January 11, 2021
Given the change of course that has happened in the world, we wanted to provide expert opinions on what aspiring graduates can do to start off their careers in an uncertain economic climate. We wanted to know what skills will be more important, where the economy is doing relatively well, and if there will be any lasting effects on the job market.
Companies are looking for candidates that can handle the new responsibilities of the job market. Recent graduates actually have an advantage because they are comfortable using newer technologies and have been communicating virtually their whole lives. They can take what they've learned and apply it immediately.
We spoke to professors and experts from several universities and companies to get their opinions on where the job market for recent graduates is heading, as well as how young graduates entering the industry can be adequately prepared. Here are their thoughts.
Dennis Province Ph.D.: Trends indicate that the job market is definitely going digital. Virtual interviews and job fairs are much more common now.
Dennis Province Ph.D.: In the field of science, it is always a good idea to have all the skills that you can get. If you want to work in a microbiology lab, you should think about learning some chemistry or statistics. Important work never stays in one tiny corner of science; it bridges many fields and so should your skill set. People skills are also very important. Can you talk to people and communicate and listen to new ideas?
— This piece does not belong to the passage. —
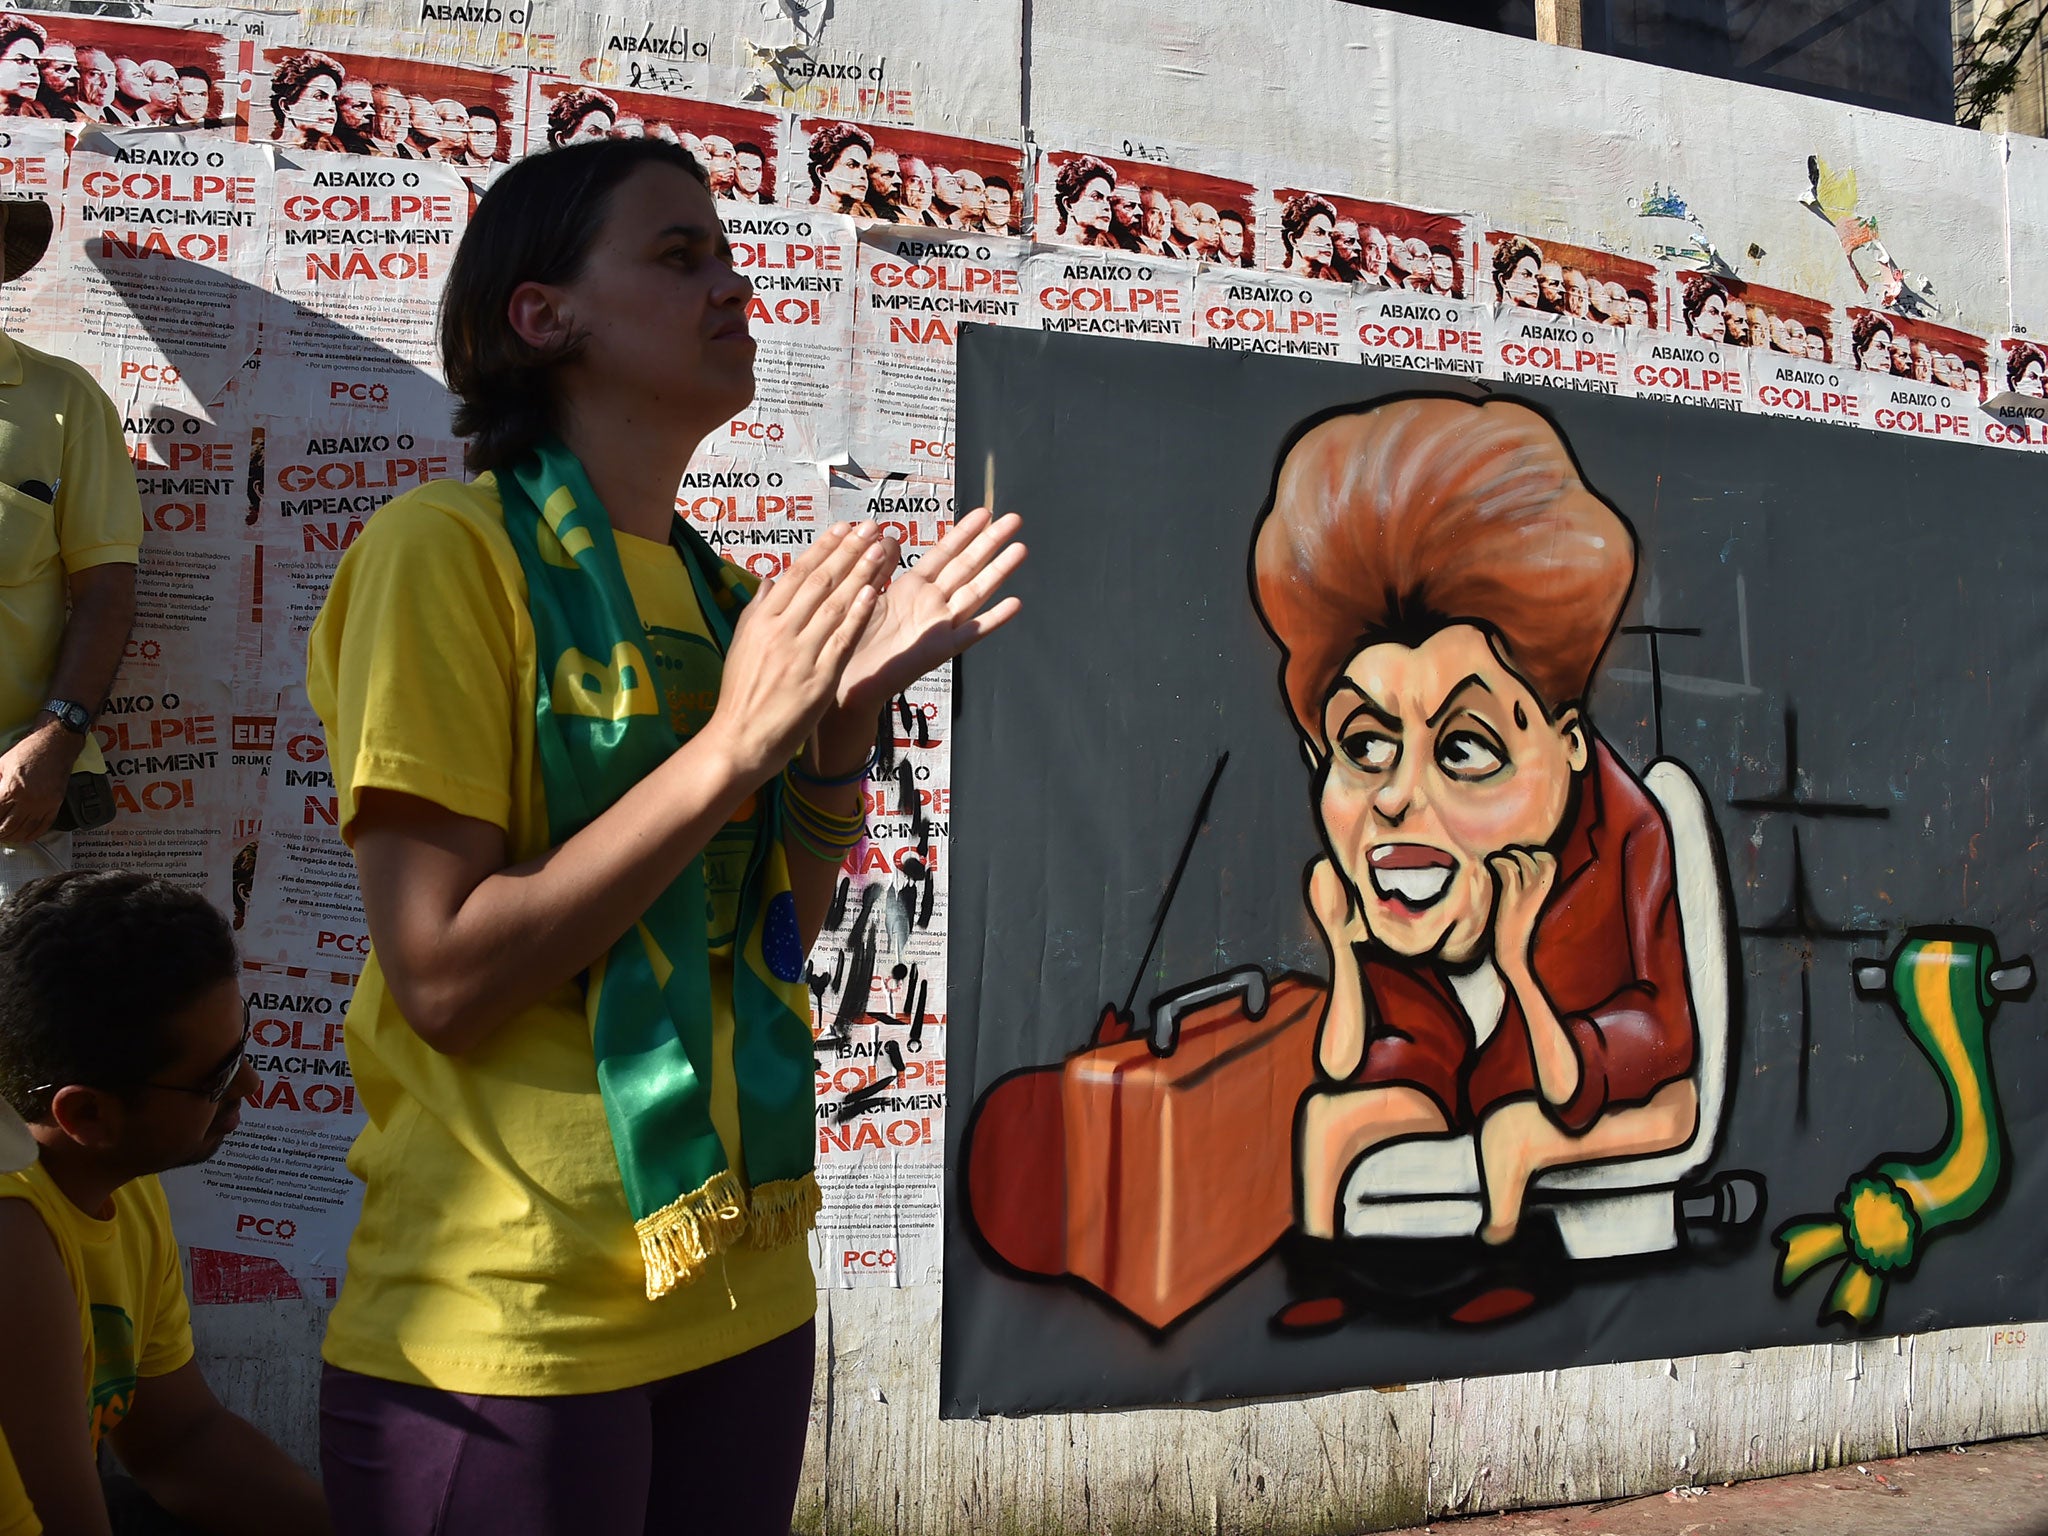 Dilma Rousseff has lost support of voters

A gap year usually implies finding work as a research technician before applying to graduate or professional school. If this is the case, one question that employers and graduate programs have about their applicants are about their fitness: can they withstand the rigor at the next level? A recent graduate needs to show evidence that they are responsible and timely. The gap year should be filled with activities that show this.
Dennis Province Ph.D.: You never know where you will end up later in life and what skills you will need in the future. Open your mind and become a lifelong learner. Be a student of life and learn from others at every step of the journey. Employers are always looking for workers that show initiative. Decide where you want to work and what you think you might want to do and have the courage to contact someone, and let them know! Most jobs or opportunities are found and decided with an informal conversation. Employers want the best people and those tend to be type that take the initiative.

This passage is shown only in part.